The screen at Salisbury, erected 1869–72, was removed in 1959 and sold as scrap metal.[7]

 

Screen in Salisbury Cathedral .

    Lichfield’s metal screen remains the only one left in place in a cathedral. It has been little altered; there was some restoration in the 1970s. It harks to the new gates of Jerusalem in the Book of Revelation. Like the stalls, reredos, statues, presbytery tiled floor and cathedra it shows off the finest Midlands craftsmanship.



[1] Best remembered for his design of the Midland Hotel at St Pancras and the Albert Memorial. Scott also designed the Workhouse on Trent Valley Road, now part of Samuel Johnson hospital. When appointed he had a staff of 27. After his death his work at Lichfield was continued by his son, John Oldrid Scott, 1841–1913.

[2] There are records of much discussion on the location or not of a screen, its form and material and what it should represent. Opening up the visual aspect of the cathedral was deemed to be paramount. The general view is George Scott more-or-less had his ideas executed. The screen reflects the growing use of ironwork due to its lowered cost of production and manufacture.

[3] He was recognised as a premier metalworker of the 19th-century, yet sadly died in poverty. His silver-gilt and enamel chalice exhibited in the Great Exhibition, 1851, launched his career. It is now in the V & A. !n 1867, Coventry held its own International Exhibition, and Skidmore had a large section for his exhibits.

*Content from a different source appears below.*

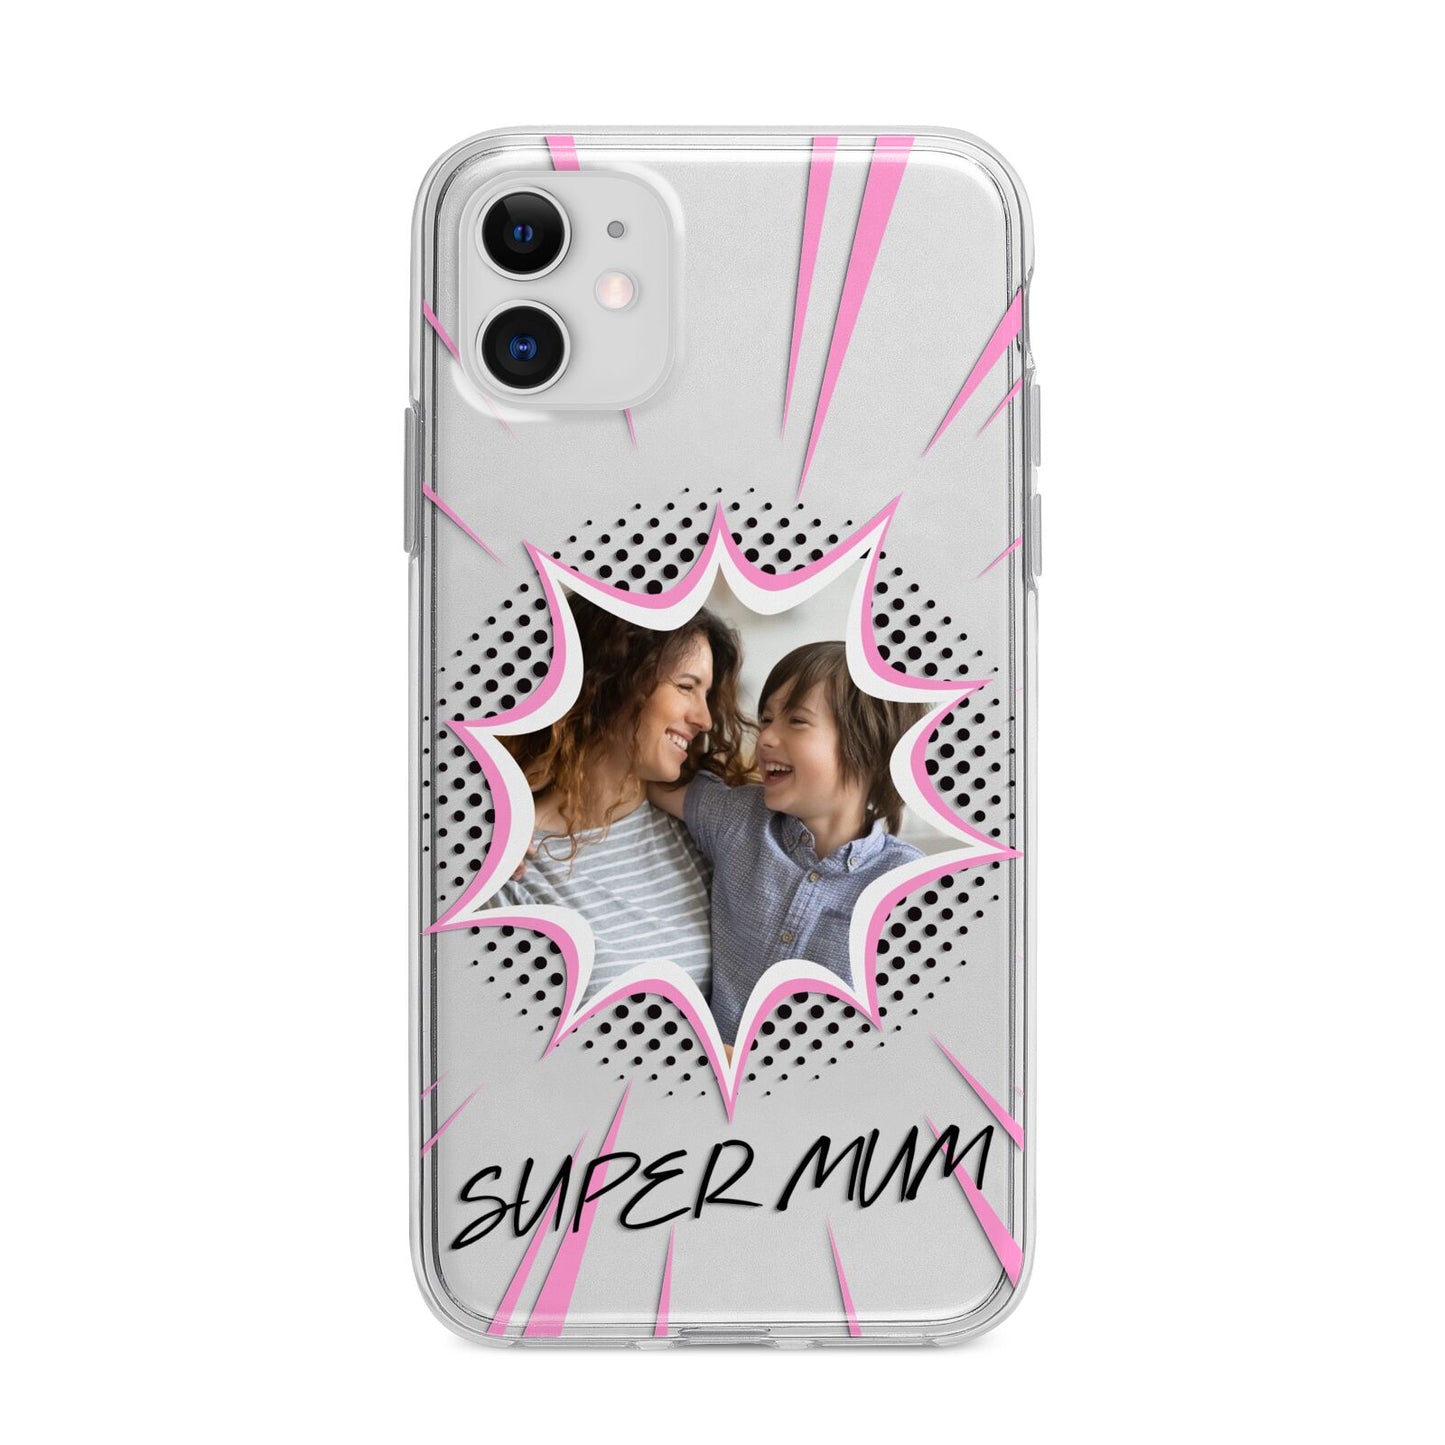 Super Mum Photo Apple iPhone 11 in White with Bumper Case

[4] D. Wallington, Scott and Skidmore. The Lichfield legacy. Unpub. article in the Cathedral Library. 44–60.

[5] Angels playing musical instruments is a motif for Chad around the cathedral and particularly in St Chad’s Head Chapel.

[6] Quoted from I. Brown, ‘The Hereford Screen’, Ecclesiology Today. (2014), Issues 47 & 48, 3–44.

[7] R. Mount, ‘Screens and vistas in Cathedral. An old controversy revived’, Country Life, (September, 1960).